Use TSS(transcript start site) provide by gencode v12 as center of input sequence, and pass it to Enformer, use reference to compute output_ref and then change the SNP assigned to get output_alt, and compute output_diff = output_alt - output_ref, then sum each track of 896 bins to get summary value for each track, 5313 track in total.

Huang NG23 and Gauvadis both use gencode v12, and huang NG use hg19 as reference seq. (but original Enformer training use gene code v32) onek1k dataset on cluster is based on hg19 as well, like those vcf and bed/bam/fam SNP files.

input seq length is 196608 bp, output is 114688 bp. so for all 8 SNP-gene provide, only 4 of SNP are within input region of Enformer, and are computed. and for some gene, output region of enformer may only cover part of gene region like 70%.

description for all files under folder:

  1. SLDP.py: main script used to compute difference matrix between ref and alt sequence, results saved in h5 file.

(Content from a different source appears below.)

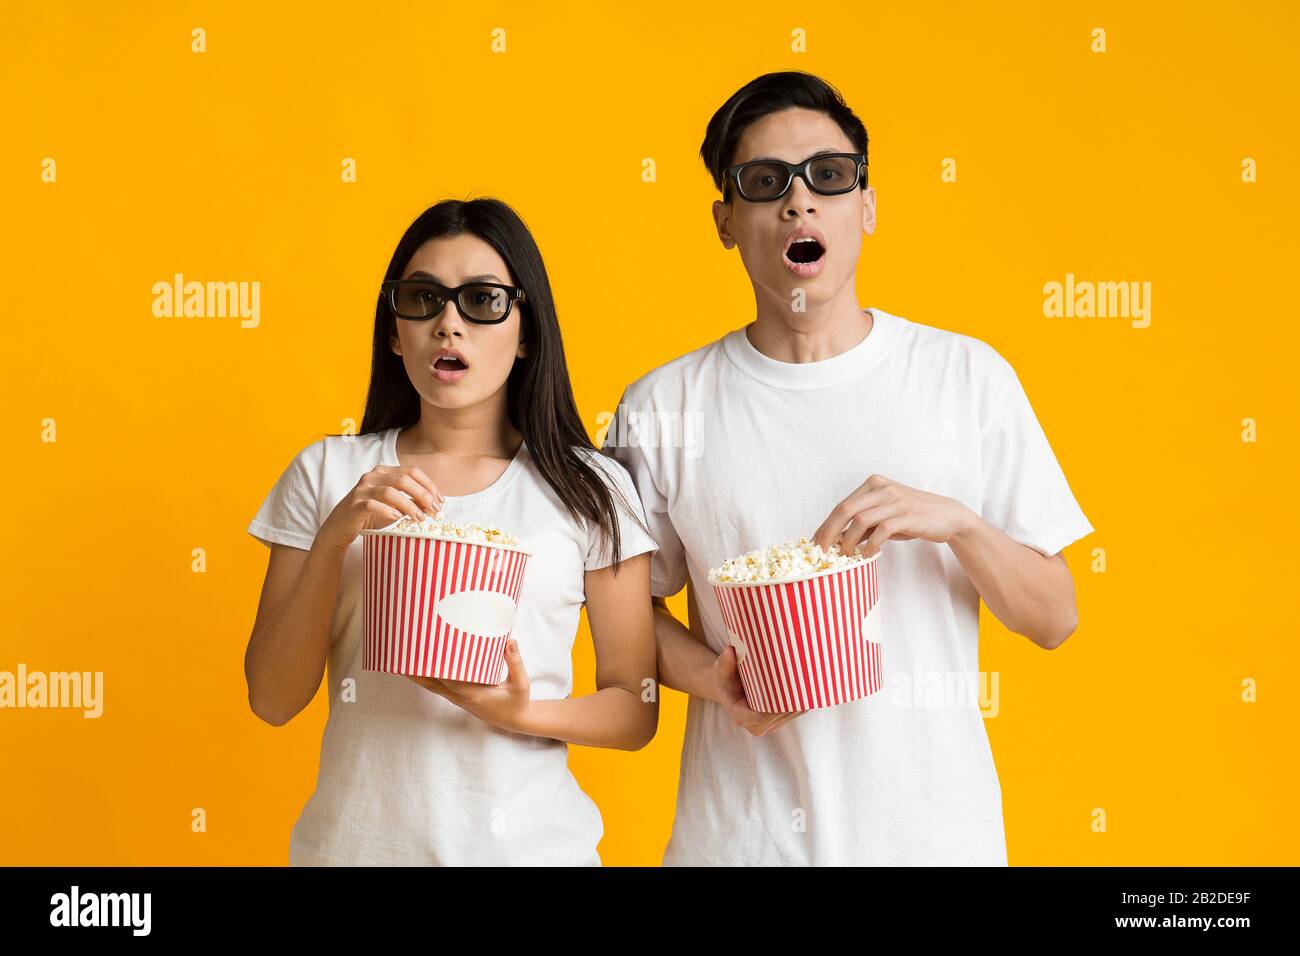 Stunned asian couple in 3d glasses watching movie with popcorn Stock Photo

  2. format of results: each h5 file is named as gene_name_SNP_name.h5, and contain reference sequence result output_ref, alt sequence output_alt, difference sequence output_diff which is output_alt-output_ref, all of those three are (1,896,5313) matrix. sum896_diff, sum of all 896 bins, shape is (1, 5313) correspond to 5313 tracks. sum_gene_diff only sum bins correspond to gene region, shape is (1, 5313).

  3. check_result.py: input gene name, SNP name, and index of track of 5313 tracks want to check, it will print correspond track info and computed value by enformer.

  4. targets_human.txt: 5313 track correspondance.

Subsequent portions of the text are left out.